If you need to change the order, you would have to remove exists=True
and instead
add an "existence" validator to your list of custom validators, in the order you wish.
But you don't need to recreate validators for any of the predefined validations. They
are all available in the pathtype.validation
module. Just instantiate a class and
use it like a custom validator.
Example
The following changes the order of validation of the previous example: first the
custom validator is executed before validating the existence. The latter validator is
simply an instance of pathtype.validation.Exists
.
from pathtype.validation import Exists
exist_validator = Exists()
parser.add_argument(
...
type=pathtype.Path(validator=[must_not_have_b, exist_validator])
)
The classes pathtype.validation.Any
and pathtype.validation.All
allow you to create
validators that are logical combinations of other validators (i.e. OR or AND
expressions).
Any
: an instance of this class, initialized with a sequence of validators, is a validator that will pass if any of its validators passes, and fail if they all fail. Equivalent to an OR expression.All
: Similarly, an instance of this class is a validator that will pass if all of its validators pass, and fails if any fails. Equivalent to an AND expression.
Those two classes can be used to create complex validation trees.
Example
We create a validator that validates that the file name contains "a" OR that it doesn't contain "b":
from pathtype.validation import Any
or_validator = Any(must_have_a, must_not_have_b)
parser.add_argument(
...
type=pathtype.Path(validator=or_validator)
)
We want a custom validator that validates that the path is inside the current user's home directory:
import os.path
import pathlib
import argparse
import pathtype
def is_inside_home_dir(path: pathlib.Path, arg: str):
"""Validate that the path is inside the current user's home directory."""
expanded_path = os.path.expanduser(path)
resolved_path = pathlib.Path(os.path.abspath(expanded_path))
user_dir = pathlib.Path.home()
# We check that `resolved_path` starts with the same directories as `user_dir`
is_child = resolved_path.parts[:len(user_dir.parts)] == user_dir.parts
if not is_child:
raise argparse.ArgumentTypeError(
f"path ({resolved_path}) is not in the user's home directory ({user_dir})"
)
if __name__ == "__main__":
parser = argparse.ArgumentParser()
parser.add_argument(
"--path",
type=pathtype.Path(validator=is_inside_home_dir)
)
# The following line won't raise any error
args = parser.parse_args(["--path", "~/valid/path"])
print(repr(args.path))
# PosixPath('~/valid/path')
# The following line will fail since the path is not inside the user's directory
args = parser.parse_args(["--path", "/at-root"])
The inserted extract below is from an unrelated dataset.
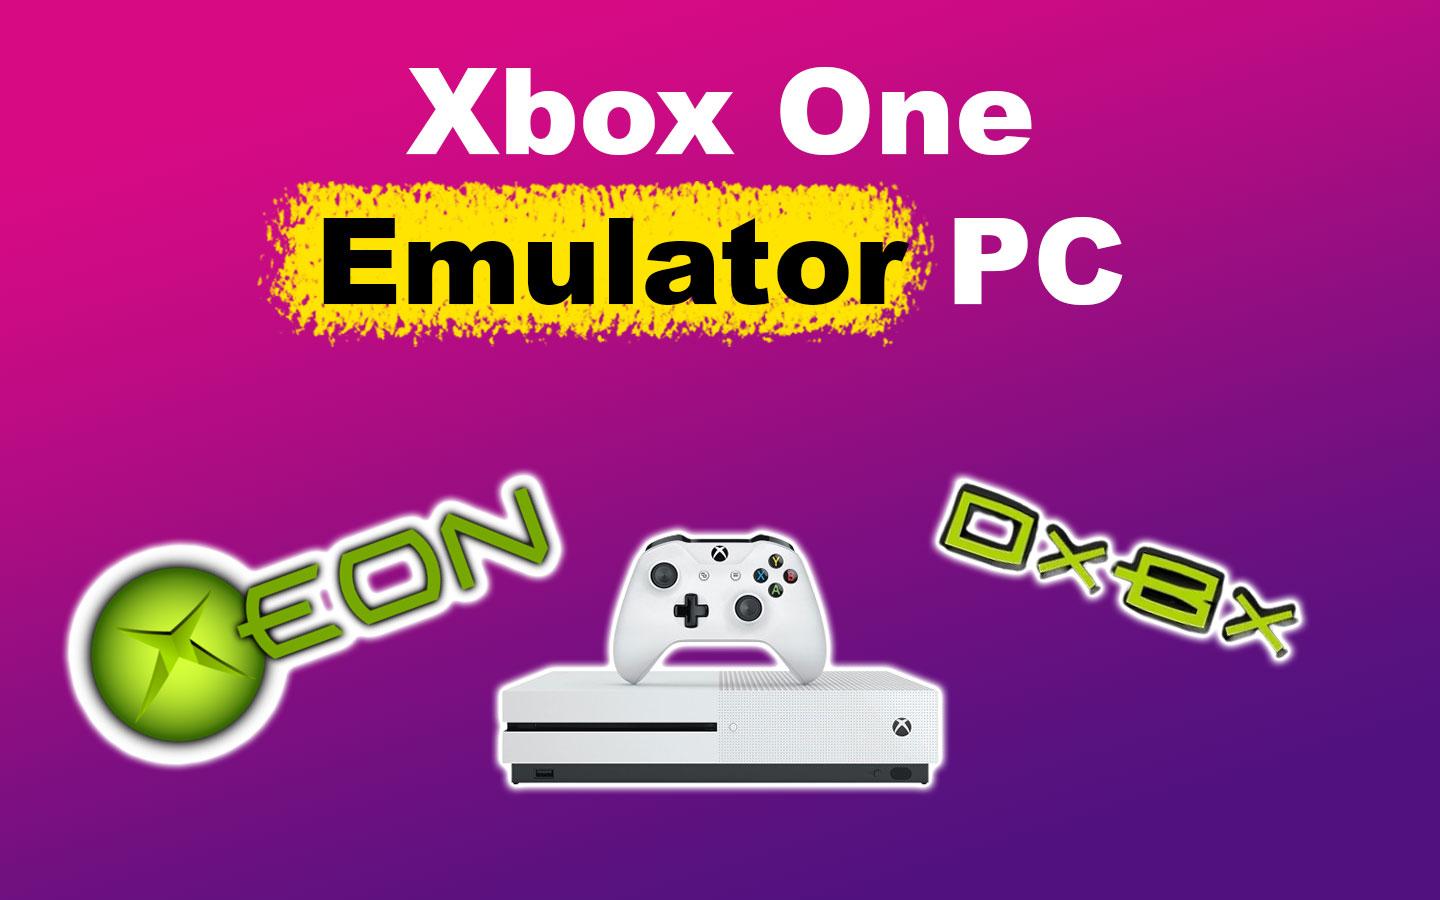 Xbox One Emulator PC

# Fails with this message:
# usage: example.py [-h] [--path PATH]
# example.py: error: argument --path: path (/at-root) is not in the user's home directory (/home/user)
- All paths instances are actually
concrete paths
(i.e. created with
pathlib.Path()
), and not pure paths (i.e.pathlib.PurePath()
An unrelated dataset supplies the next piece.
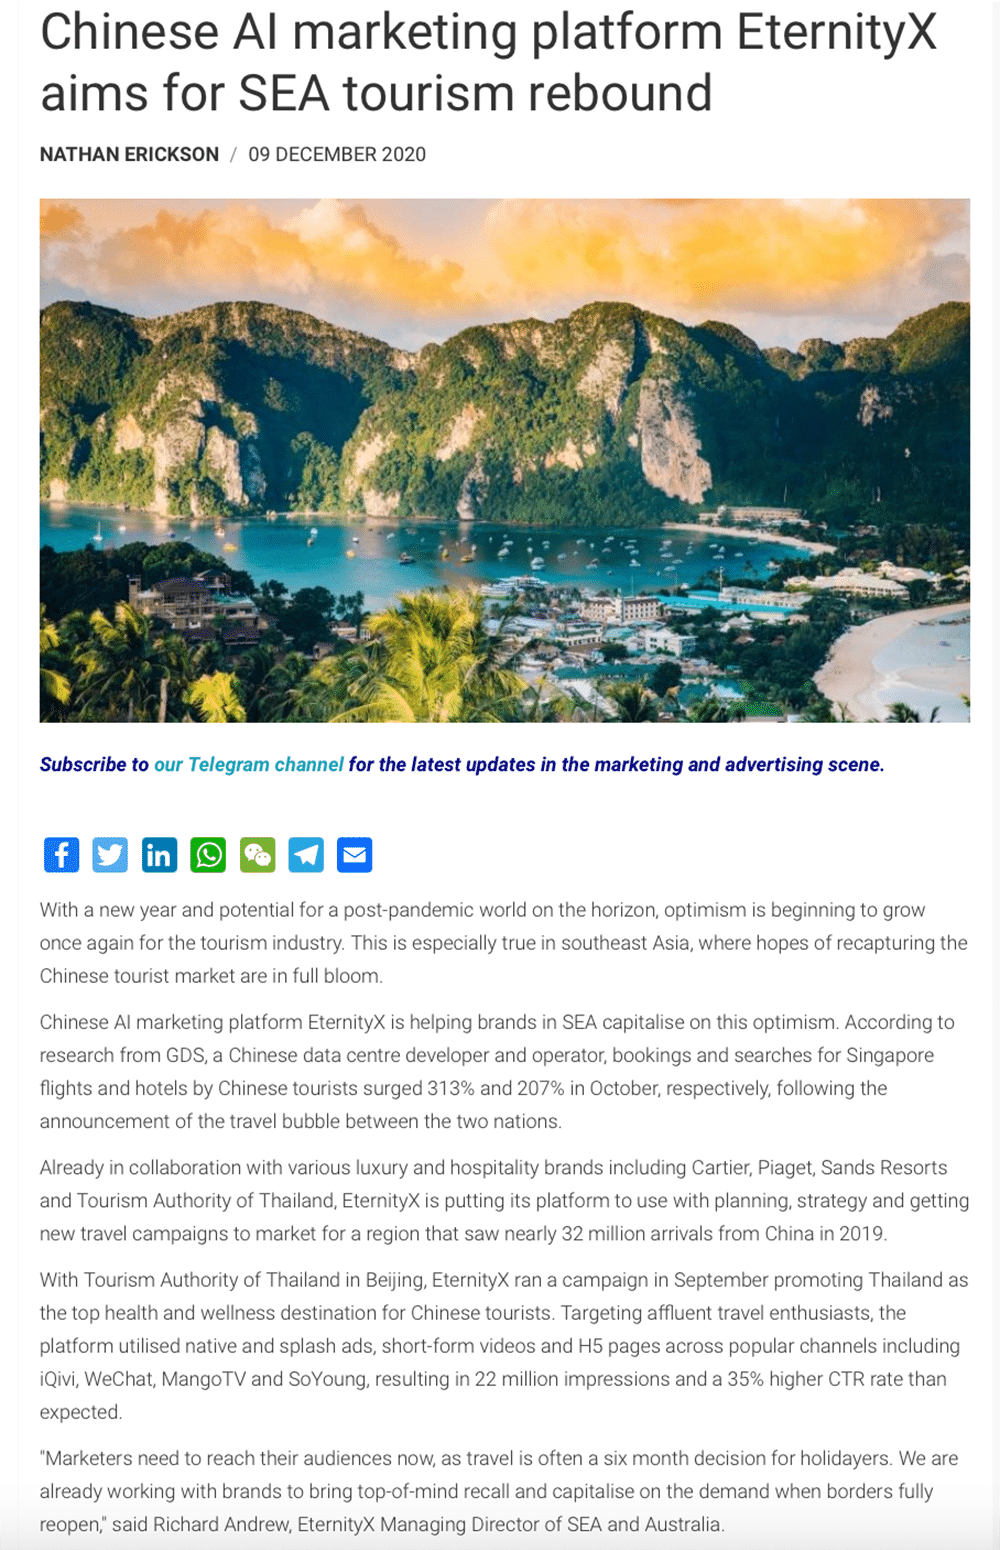 Chinese AI Marketing Platform EternityX Aims for SEA Tourism Rebound, Posted on Marketing Magazine

). This means that if ran on Windows, the path argument will be converted to an instance ofpathlib.WindowsPath
, and on other systems it'll be converted to an instance ofpathlib.PosixPath
. Behavior may change on different OS's, so it's best not to parse argument across OS's. - Validations are run once, during argument parsing. Always remember that, by the
time you actually use the path, some properties of the file may have changed. For
example, let's say you use
pathtype.Path(exists=True)
. Although the file may exist at the time of argument parsing, another process may delete the file by the time you actually want to access it. So only use this package as a user-friendly "first check".